Mi jefe era un chico de unos treinta y cinco años que aseguraba que dirigir aquella empresa era demasiado difícil para una sola persona y que necesitaba una mano derecha y que si hablaba poco y escuchaba mucho, esa mano derecha podía ser yo. Entonces pensé que quizá mis padres estaban en lo cierto y decidí centrarme en lograr aquel puesto.
El almacén en el que trabajaba estaba ubicado en un polígono industrial. En una calle que desembocaba en un cruce señalizado con un semáforo. Para volver a casa debía dirigirme a la derecha. Un día, cuando el semáforo se puso en verde, giré a la izquierda. Supongo que tal vez quería encontrar un atajo, descubrir si había una forma más rápida de regresar.
Acabé perdido dando tumbos por calles que me parecían todas iguales. Detuve el coche en doble fila y bajé para preguntar. Al hacerlo, por casualidad, descubrí que me había parado frente a una pequeña librería.
Entonces recordé un verano, años atrás, en el que encontré un libro en el cajón de una cómoda de la casa que mis padres habían alquilado olvidado por los anteriores inquilinos. Lo leí en una tarde, sin moverme para beber agua o para usar el cuarto de baño. Trataba de un chico al que expulsan del instituto pero no se atreve a contárselo a sus padres, así que decide escaparse y se pasa tres días dando tumbos de un lado para otro y acaba en un parque cuyo lago está congelado y se pregunta por el lugar en el que se esconderán los patos cuando el agua se hiela.

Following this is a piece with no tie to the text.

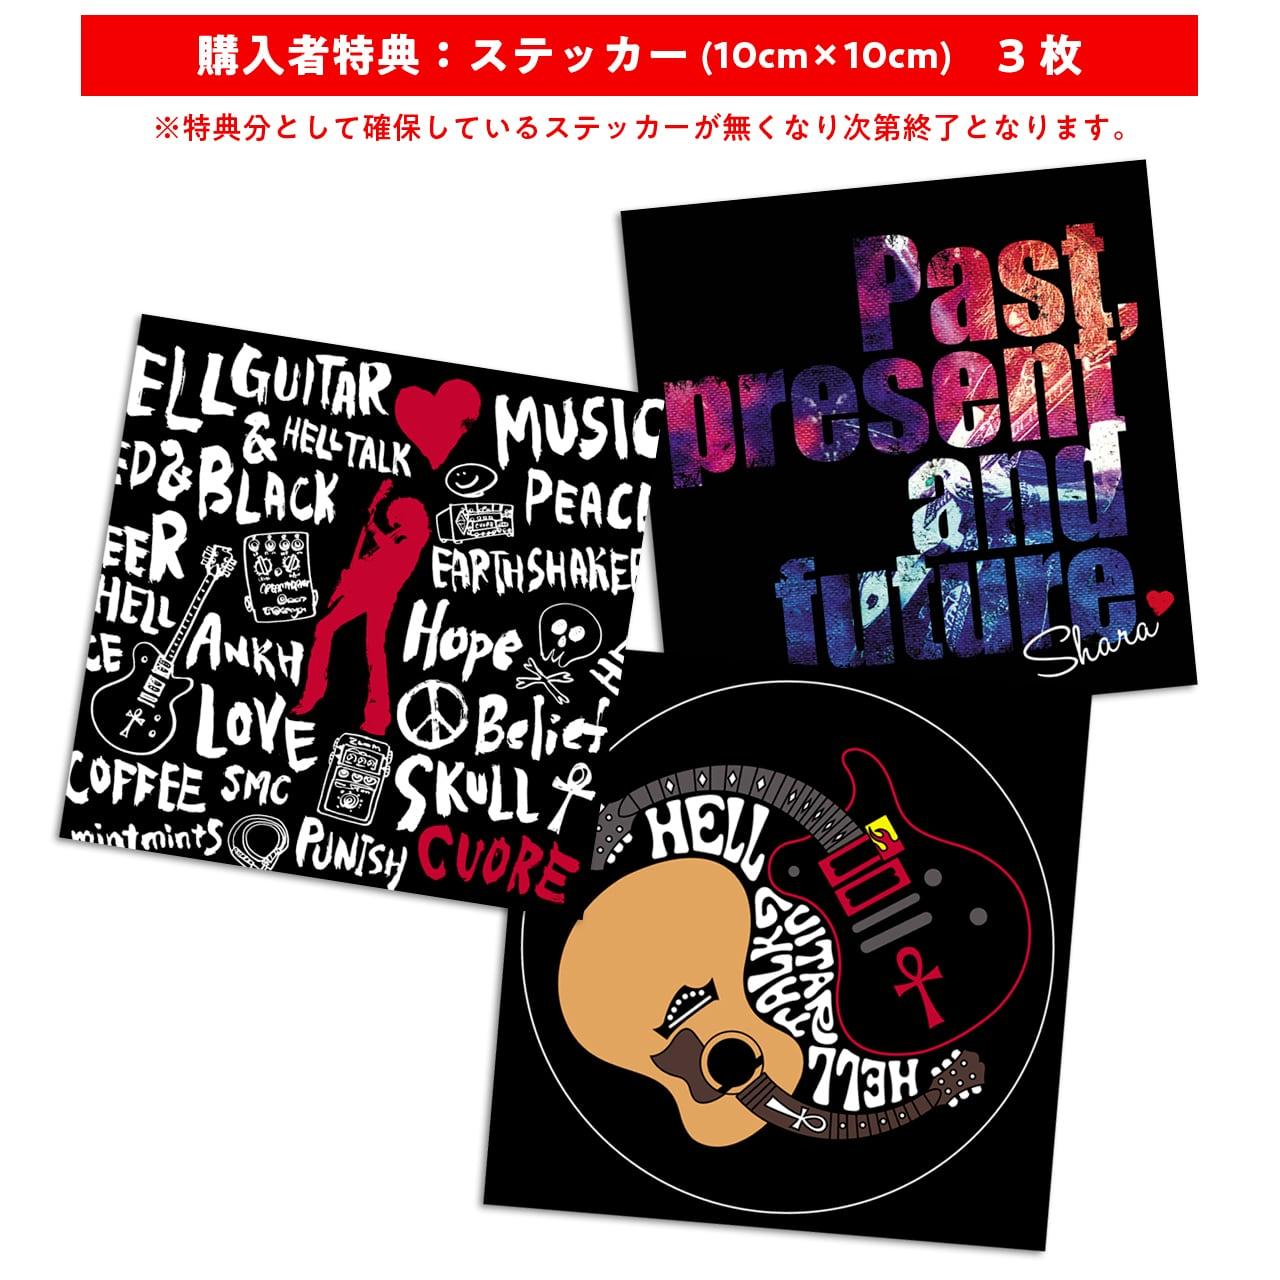 CD+DVD:『Love & mints』mintmints(ミントミンツ) +特典付 - 画像2

Abrí la puerta de la tienda. Sobre el marco había tres tubos metálicos que produjeron una melodía enlatada. Olía a papel y a goma de borrar. Apareció una señora tras el mostrador. No recordaba el título del libro ni tampoco el autor, así que le conté todo lo que ocurría intentando que lo hubiera leído y reconociese la obra. Lo hice con la esperanza con la que una persona se juega los ahorros de toda una vida a un número de la ruleta.

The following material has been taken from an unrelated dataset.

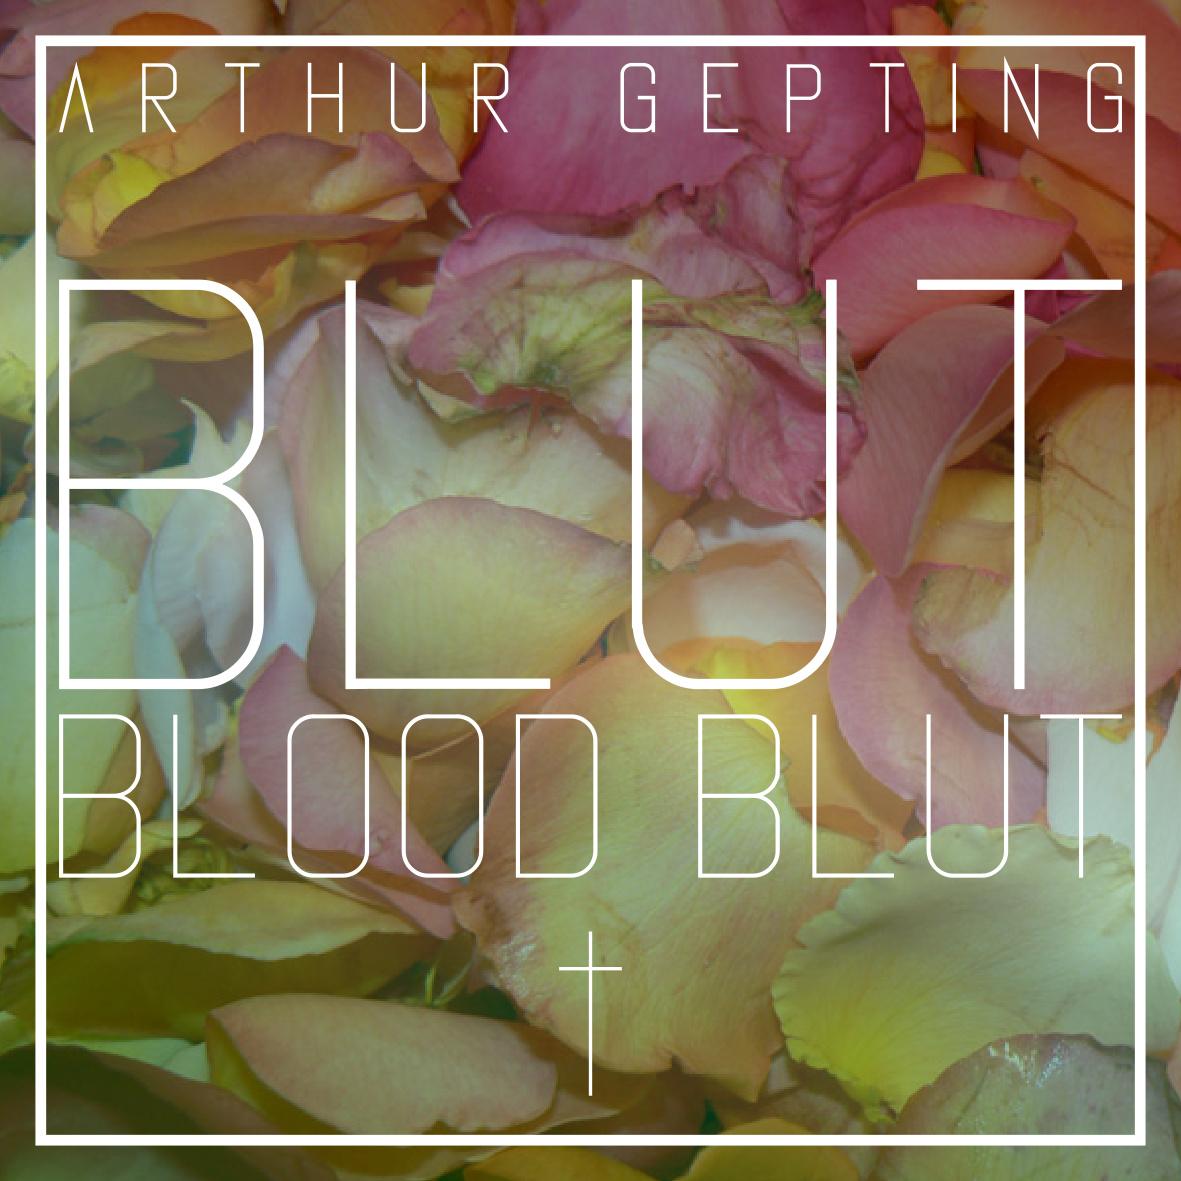 Arthur Gepting-Blut Blood Blut.jpg

Sonrió cuando terminé de hablar. Era más baja que yo. Llevaba un jersey blanco y de su cuello colgaban unas gafas sujetas a un cordón dorado.
-Todo el mundo conoce ese libro -dijo-. Es El guardián entre el centeno.
Buscó en una de las estanterías y me entregó un ejemplar. Era de bolsillo; blanco, con el título y el nombre del autor escritos en tinta azul. Regresé al coche y cerré la puerta. Todo estaba en silencio en su interior. Abrí el libro y comencé a leerlo.
Cuando llegué a casa mis padres me estaban esperando. Parecían preocupados.
-¿Dónde has estado? -preguntaron-. Es muy tarde.
-Lo sé -respondí-. Tenía trabajo atrasado y quería ponerme al día.
Y, aunque pudiera parecer lo contrario, cada una de aquellas palabras era cierta.
***
Años después, cuando me marché a vivir solo, me llevé dos maletas llenas de ropa, una taza de desayuno con el escudo del Atlético de Madrid serigrafiado y aquel ejemplar de El guardián entre el centeno.
***
Anoche, al devolver a la librería la novela que acababa de leer, me topé de forma fortuita con el ejemplar, amarillento por el paso del tiempo, del libro escrito por J. D. Salinger.
Fue entonces cuando recordé esta historia.
Y al hacerlo, con la perspectiva de los años, comprendí por primera vez la trascendencia que tuvo en mi vida aquella decisión aparentemente intrascendente.